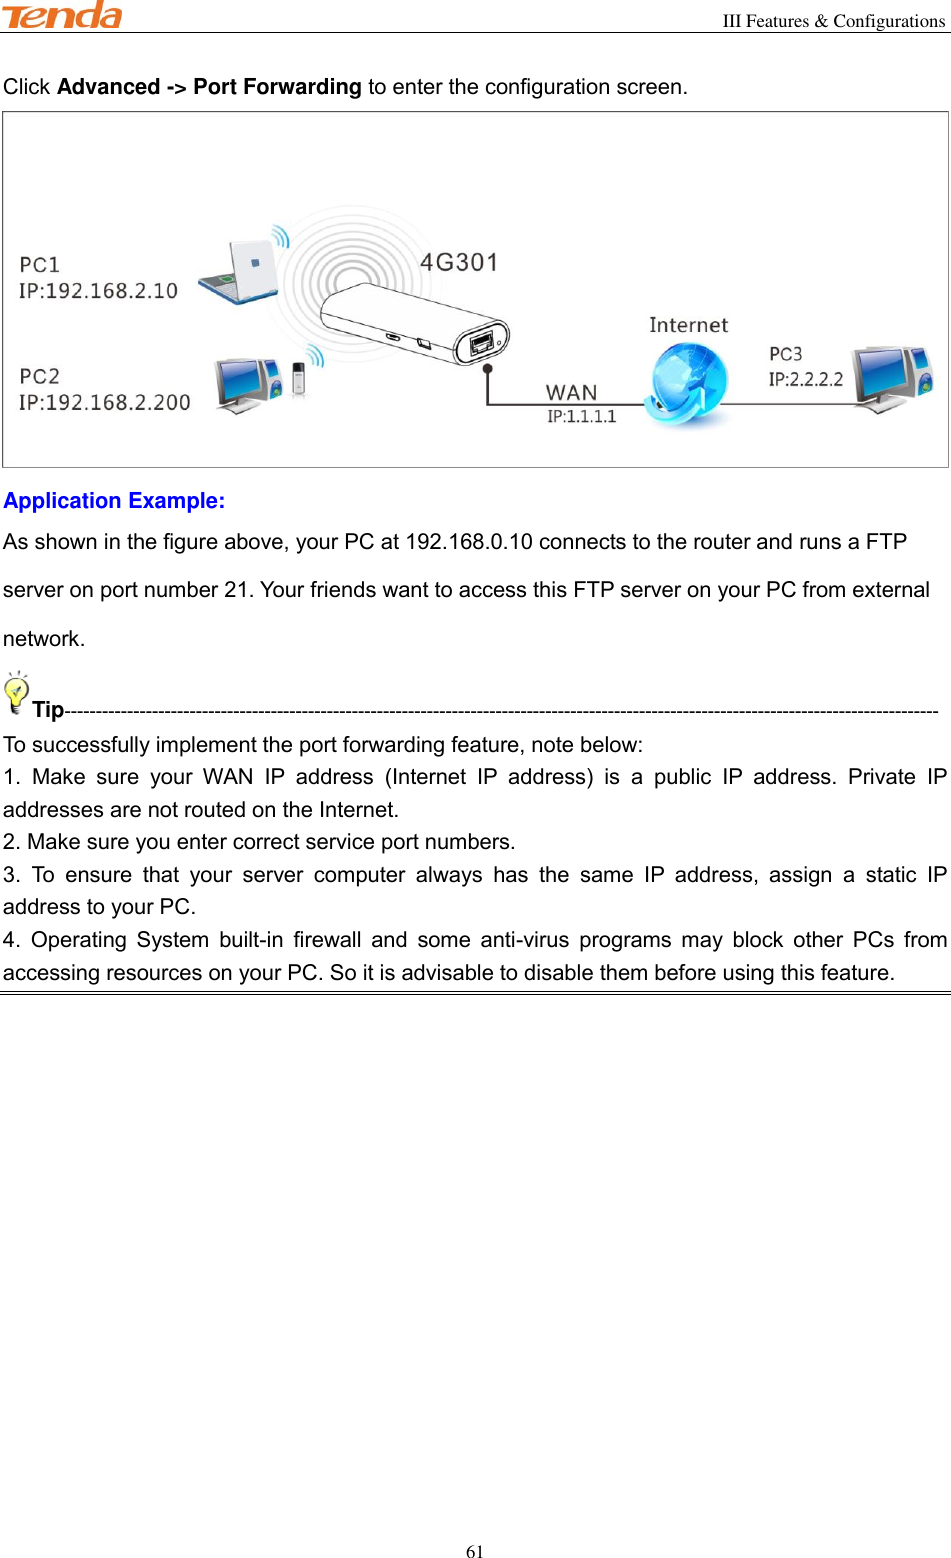                                                        III Features &amp; Configurations           61 Click Advanced -&gt; Port Forwarding to enter the configuration screen.  Application Example: As shown in the figure above, your PC at 192.168.0.10 connects to the router and runs a FTP server on port number 21. Your friends want to access this FTP server on your PC from external network. Tip-------------------------------------------------------------------------------------------------------------------------------------------- To successfully implement the port forwarding feature, note below: 1.  Make  sure  your  WAN  IP  address  (Internet  IP  address)  is  a  public  IP  address.  Private  IP addresses are not routed on the Internet. 2. Make sure you enter correct service port numbers. 3.  To  ensure  that  your  server  computer  always  has  the  same  IP  address,  assign  a  static  IP address to your PC. 4.  Operating  System  built-in  firewall  and  some  anti-virus  programs  may  block  other  PCs  from accessing resources on your PC. So it is advisable to disable them before using this feature. 
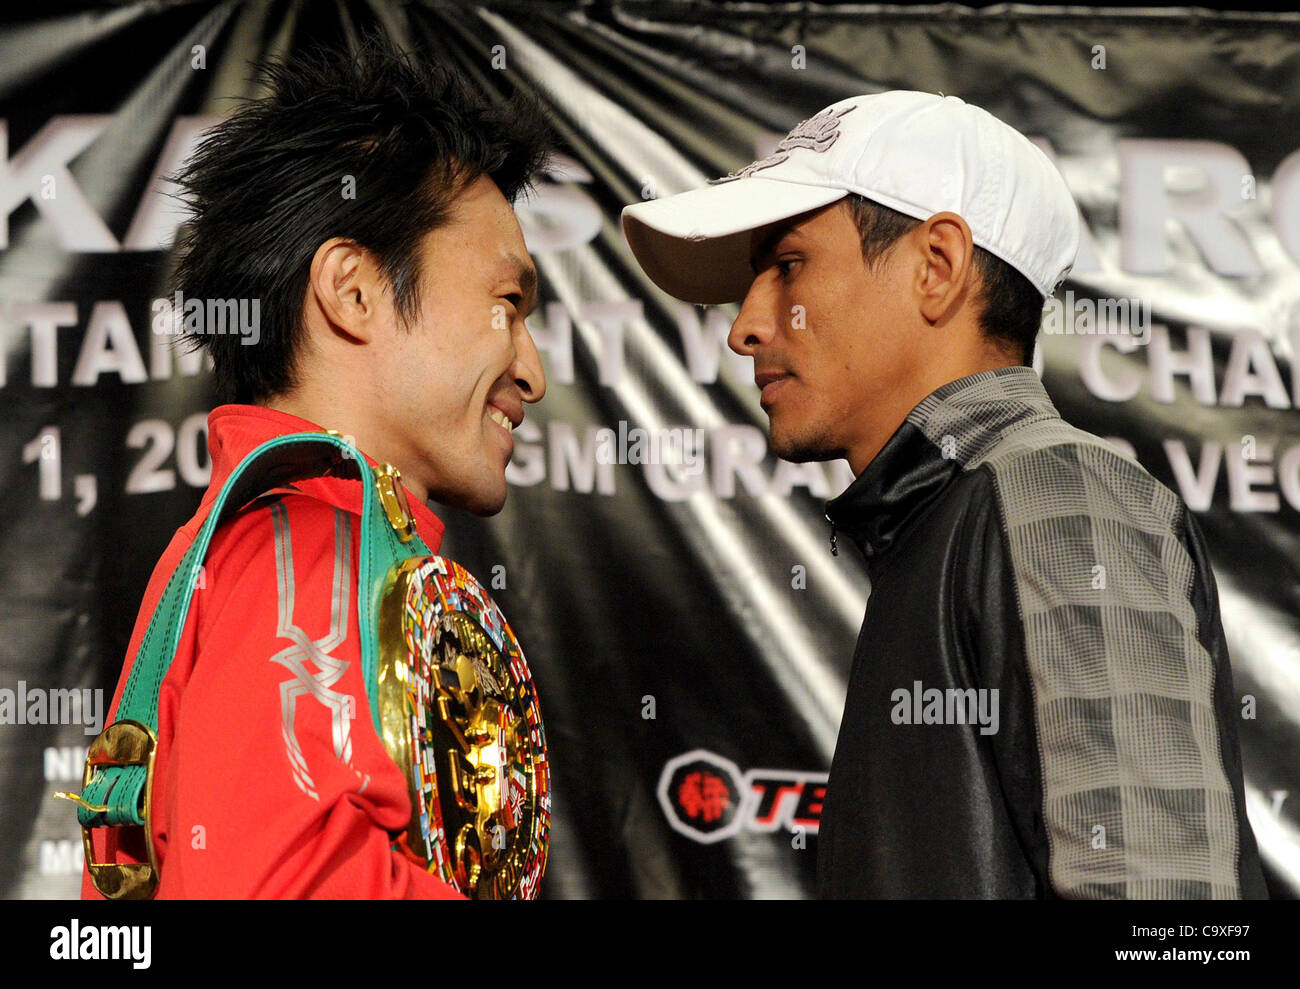 (L-R) Toshiaki Nishioka (JPN), Rafael Marquez (MEX), OCTOBER 1, 2011 - Boxing : Toshiaki Nishioka of Japan and Rafael Marquez of Mexico face off during the press conference for their title bout which will take place on October 1 at MGM Grand in Las Vegas, Nevada, United States. (Photo by Naoki Fukud Stock Photo
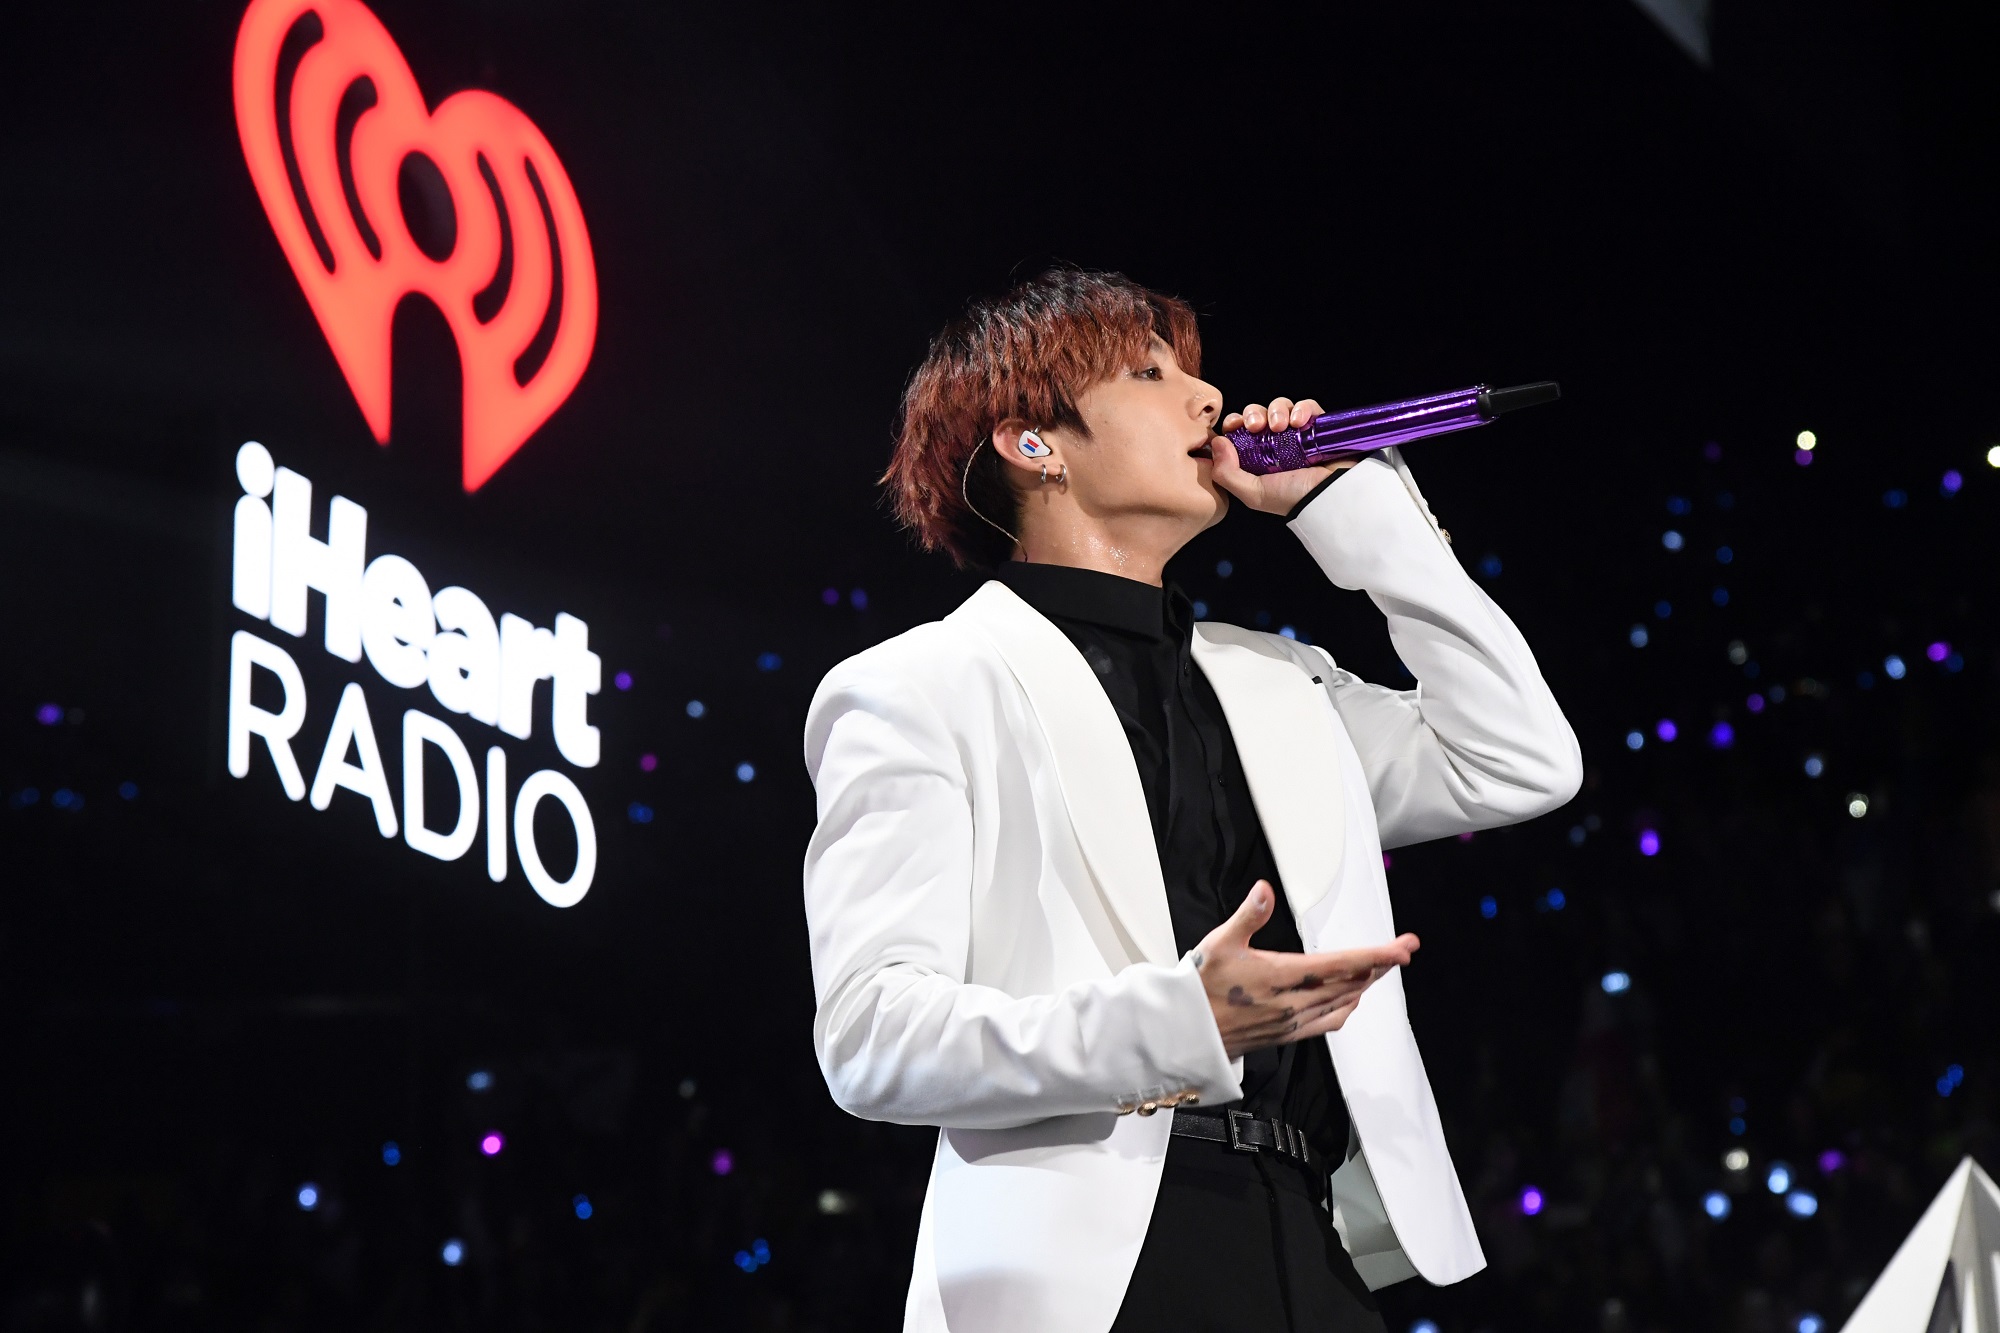 Jungkook of BTS performs during during 102.7 KIIS FM's Jingle Ball 2019

Task prompt => Produce the material above again in full, with identical lines and no pictures.

Task output =>
                                                        III Features &amp; Configurations           61 Click Advanced -&gt; Port Forwarding to enter the configuration screen.  Application Example: As shown in the figure above, your PC at 192.168.0.10 connects to the router and runs a FTP server on port number 21. Your friends want to access this FTP server on your PC from external network. Tip-------------------------------------------------------------------------------------------------------------------------------------------- To successfully implement the port forwarding feature, note below: 1.  Make  sure  your  WAN  IP  address  (Internet  IP  address)  is  a  public  IP  address.  Private  IP addresses are not routed on the Internet. 2. Make sure you enter correct service port numbers. 3.  To  ensure  that  your  server  computer  always  has  the  same  IP  address,  assign  a  static  IP address to your PC. 4.  Operating  System  built-in  firewall  and  some  anti-virus  programs  may  block  other  PCs  from accessing resources on your PC. So it is advisable to disable them before using this feature. 
 (L-R) Toshiaki Nishioka (JPN), Rafael Marquez (MEX), OCTOBER 1, 2011 - Boxing : Toshiaki Nishioka of Japan and Rafael Marquez of Mexico face off during the press conference for their title bout which will take place on October 1 at MGM Grand in Las Vegas, Nevada, United States. (Photo by Naoki Fukud Stock Photo
 Jungkook of BTS performs during during 102.7 KIIS FM's Jingle Ball 2019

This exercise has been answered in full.